Solution 5: Native Ads / E-Commerce / Subscriptions
Though traditional banner and text ads make up the lion's share of revenue for most publishers, there are a few blocker-proof ways they can earn revenue today.
Native advertising is the practice of including promotional units in the site content, without sending them through an ad server or often making them look like ads. Advertorial articles are a common form of native advertising but so are paid results in a site's internal search engine and ad units that appear as story listings in a site's content feed (perhaps on the home page). If properly labeled, these custom promotions provide a unique and immersive way to weave advertising into the fabric of a site.

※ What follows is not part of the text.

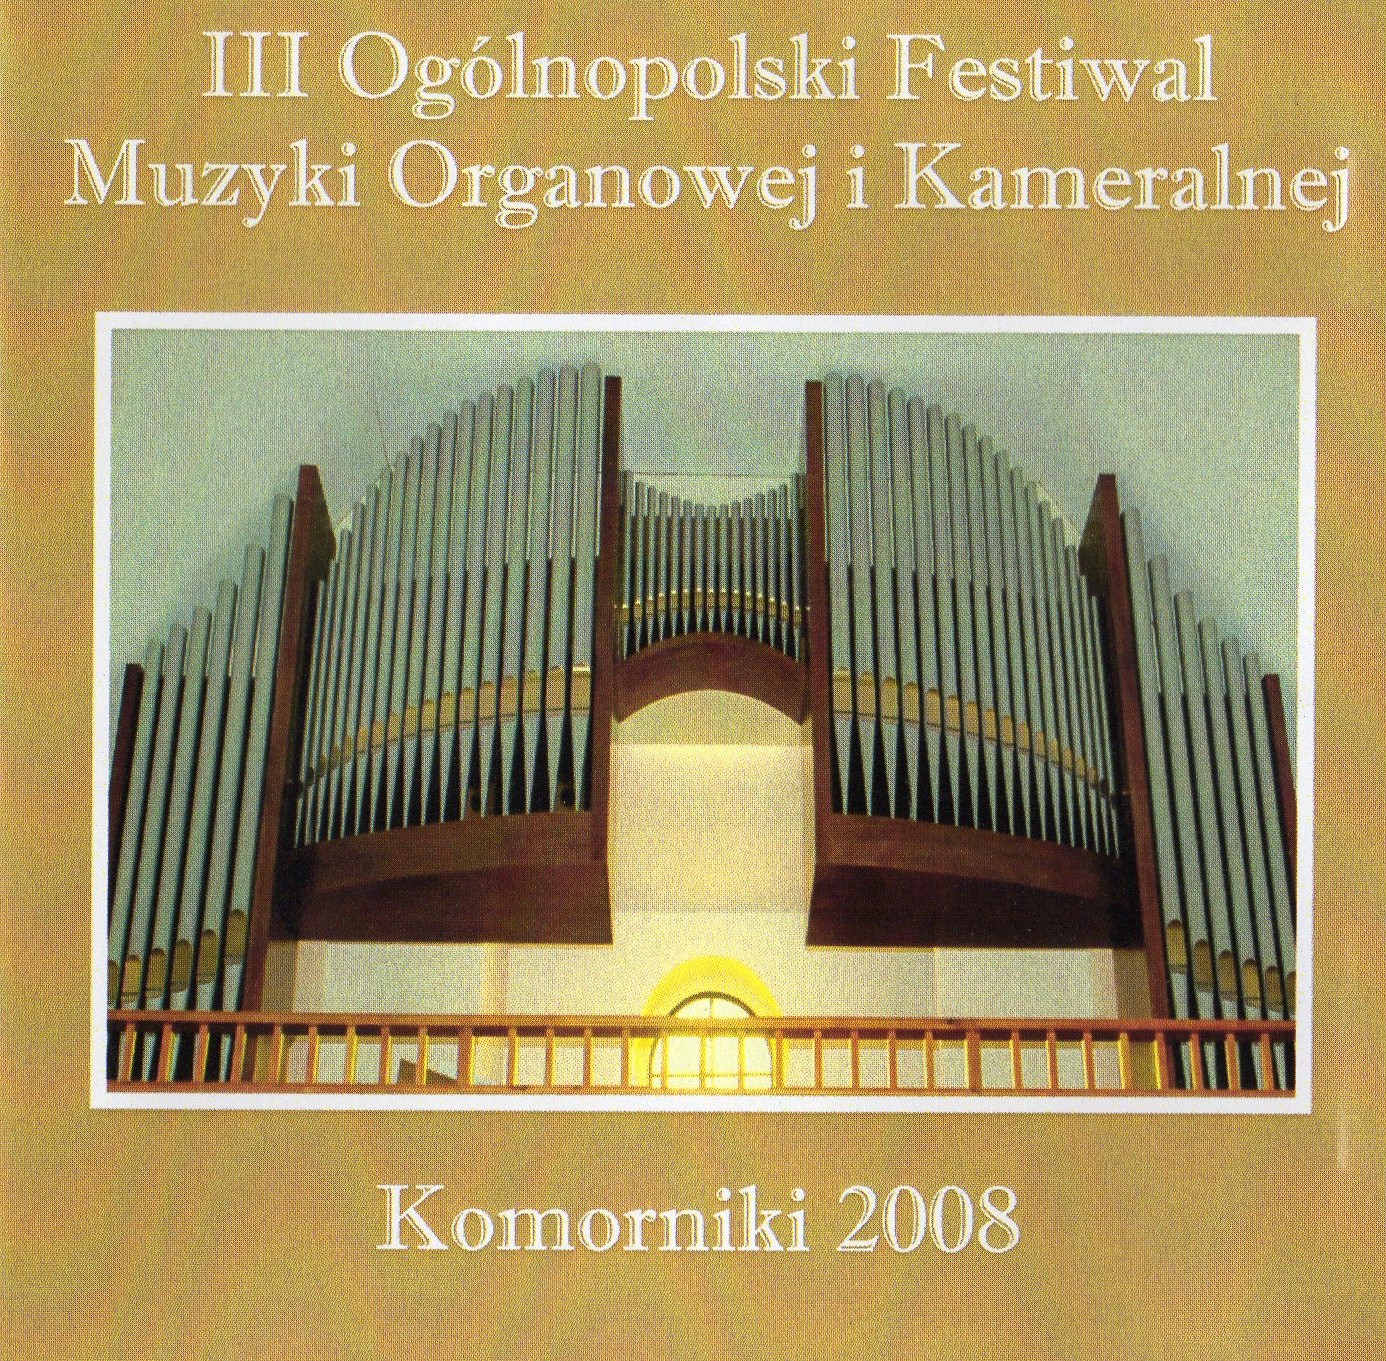 III Ogólnopolski Festiwal Muzyki Organowej i Kameralnej Komorniki 2008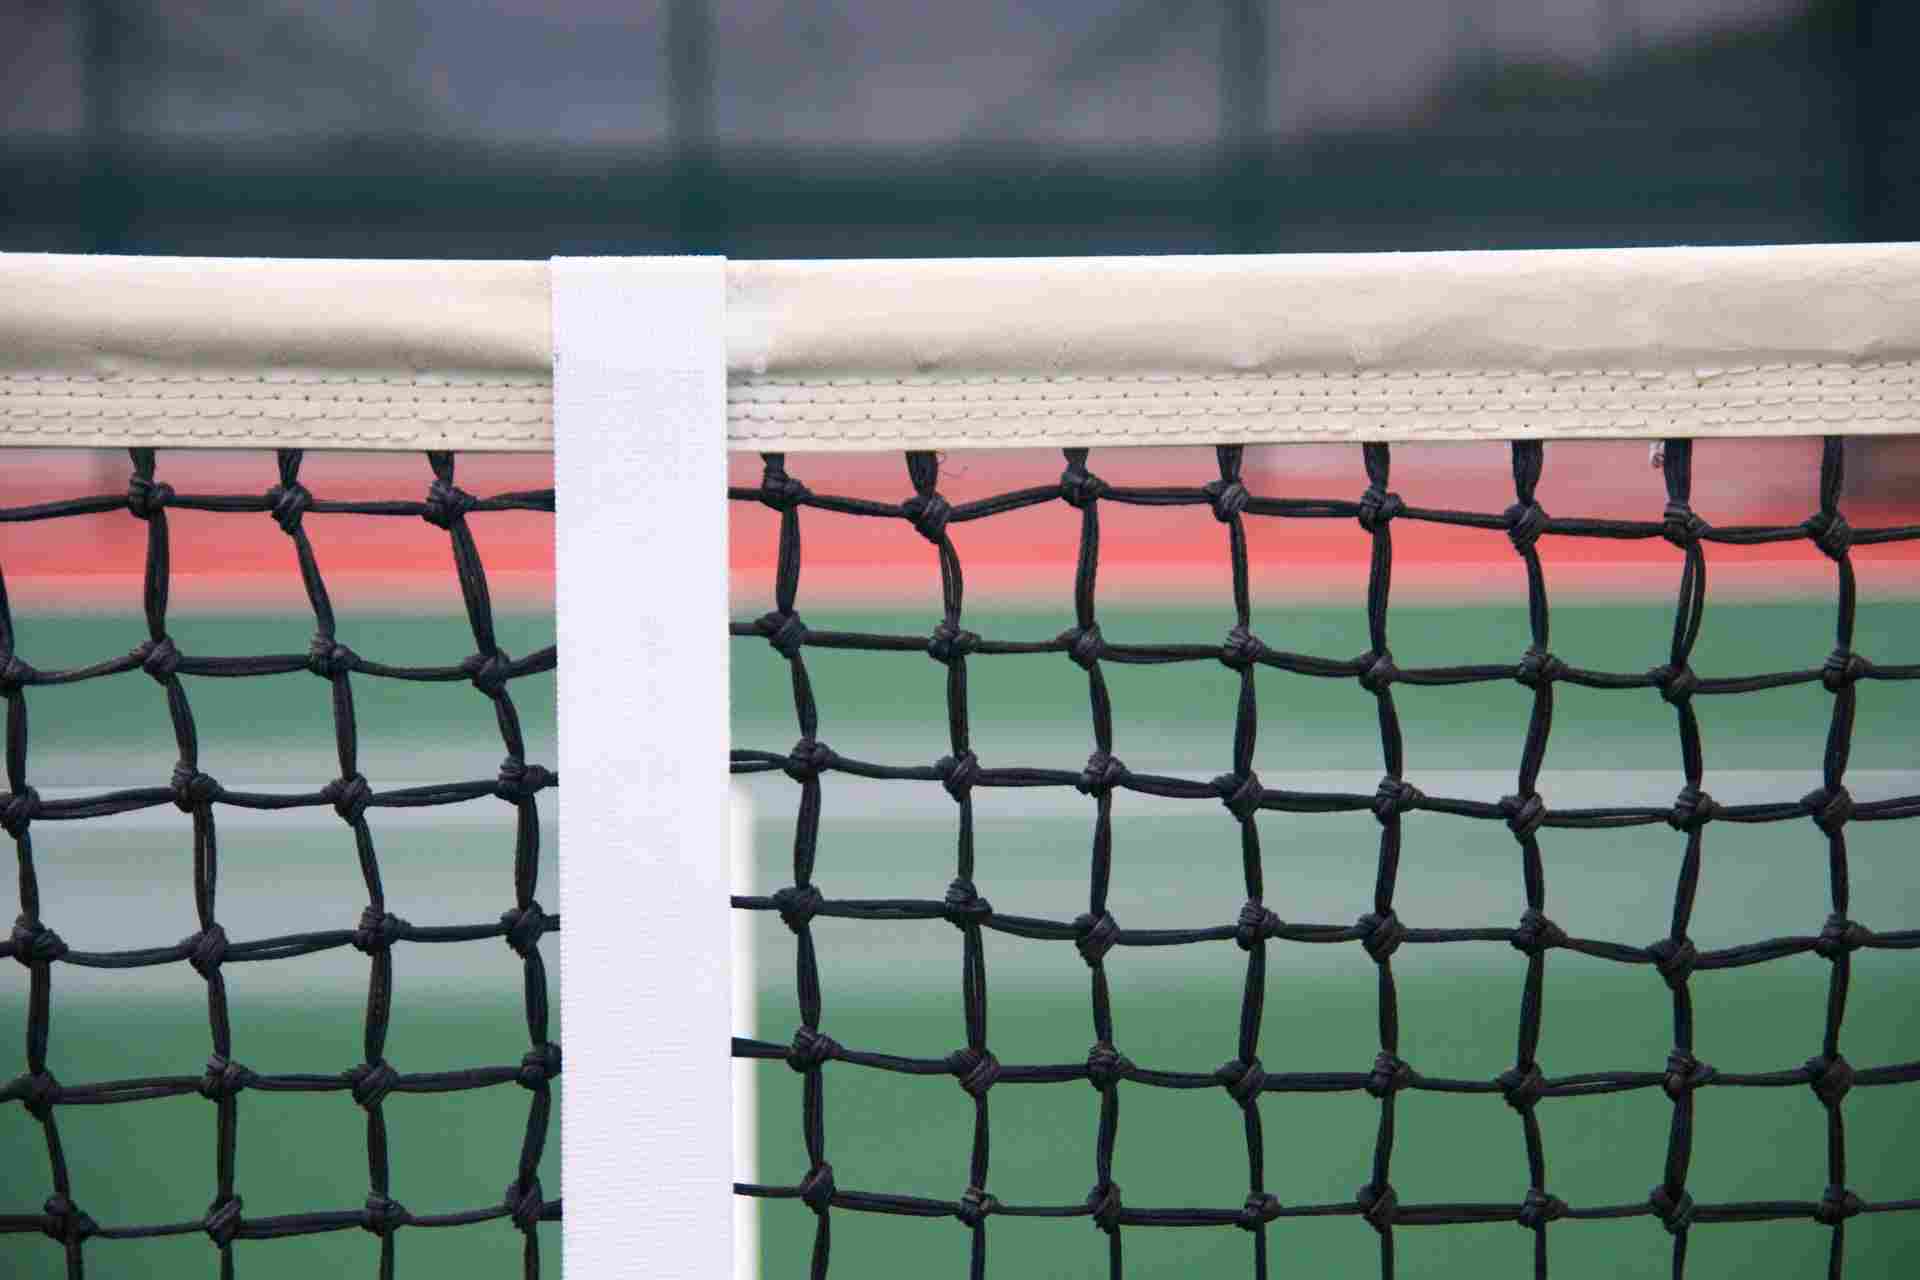 Rete tennis: materiale, lunghezza, quanto deve essere tesa

However, the best native advertising is customized by the publisher and pitched directly to the marketer. That type of manual effort won't scale as easily as running standard-size ads through trafficking software and may not even be possible for smaller publishers.
While growing, native promotions make up only a fraction of the ad market. According to a May report from BI Intelligence, native revenue for 2015 accounts for $10.7 billion, a fraction of the estimated $170 billion digital ad market, of that, only $3.2 billion is sponsored content or display advertising, the kind that most benefits Web publishers.
E-commerce referrals to vendors like Amazon and NewEgg also provide a way for content sites to pay the bills. However, not every topic lends itself to product recommendations and not every reader is ready to buy something every time he or she visits.
Subscription revenue sounds like an appealing solution, but few have been able to make a lot of money from it. The New York Times is one of the most successful sites with a paywall, but it has only 1 million digital subscribers out of the 57 million visitors it gets each month [].
Bottom Line
Though Web publishers have other ways to make money, advertising remains the key revenue driver for most and will be for the foreseeable future. If ad impressions continue declining due to ad blocking, many online media companies will go away, taking jobs and the open Internet with them — along with a lot of great stories.